Restate every line below word for word, but drop each picture.

**Raw data**
◇ ◇ ◇ ◇ ◇ ◇ ◇

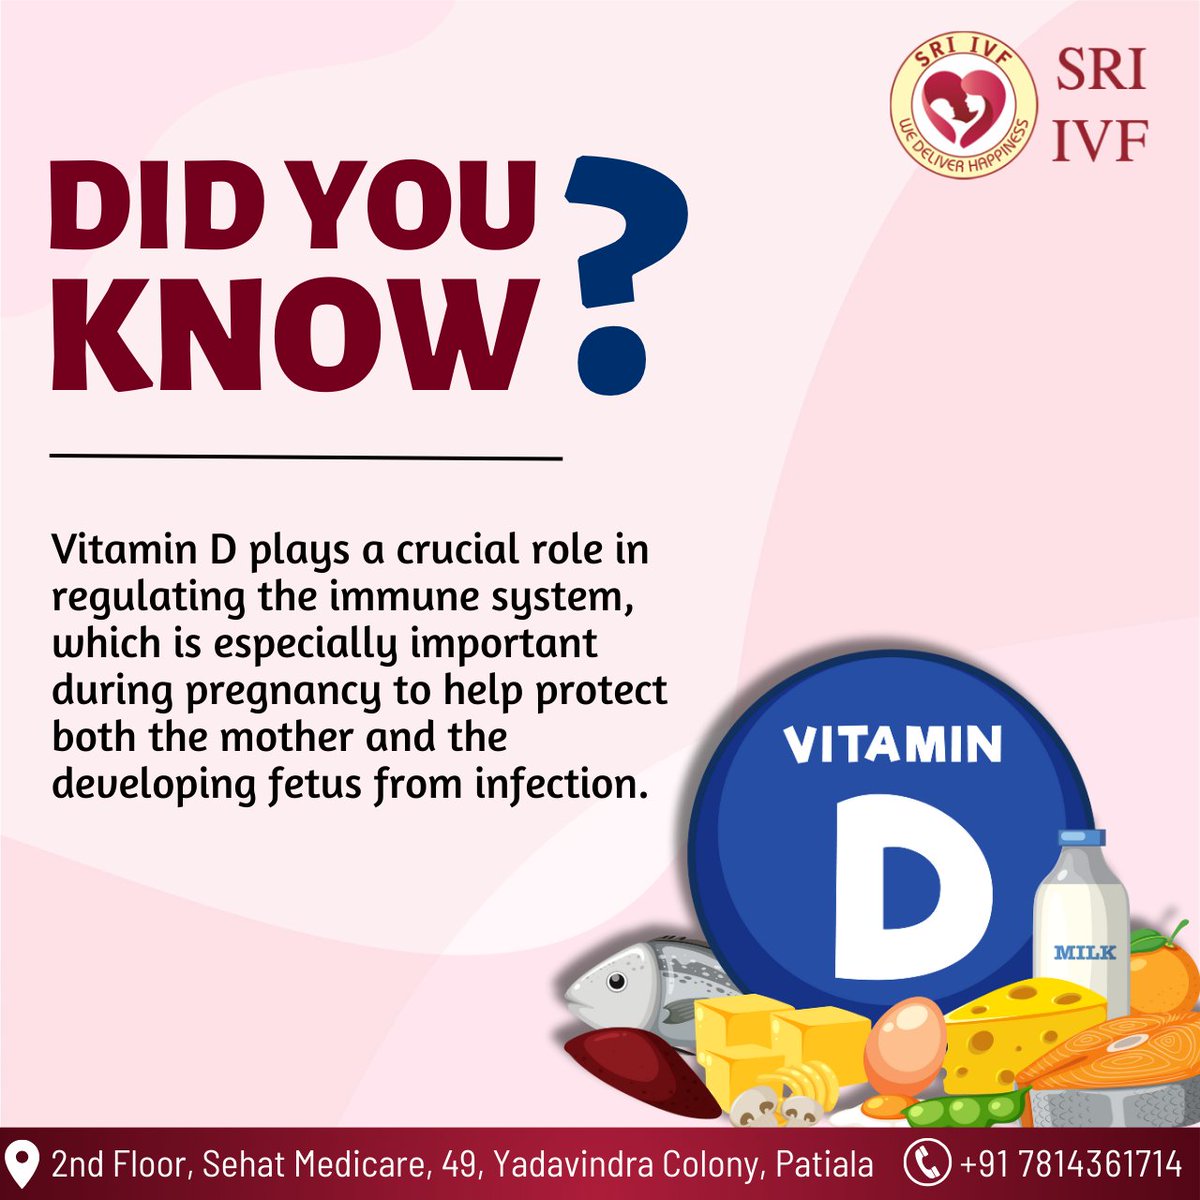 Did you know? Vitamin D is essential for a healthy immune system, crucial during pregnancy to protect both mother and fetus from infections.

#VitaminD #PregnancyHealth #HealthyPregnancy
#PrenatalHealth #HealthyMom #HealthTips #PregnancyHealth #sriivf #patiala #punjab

◇ ◇ ◇ ◇ ◇ ◇ ◇

**Result of this exercise**
 Did you know? Vitamin D is essential for a healthy immune system, crucial during pregnancy to protect both mother and fetus from infections.

#VitaminD #PregnancyHealth #HealthyPregnancy
#PrenatalHealth #HealthyMom #HealthTips #PregnancyHealth #sriivf #patiala #punjab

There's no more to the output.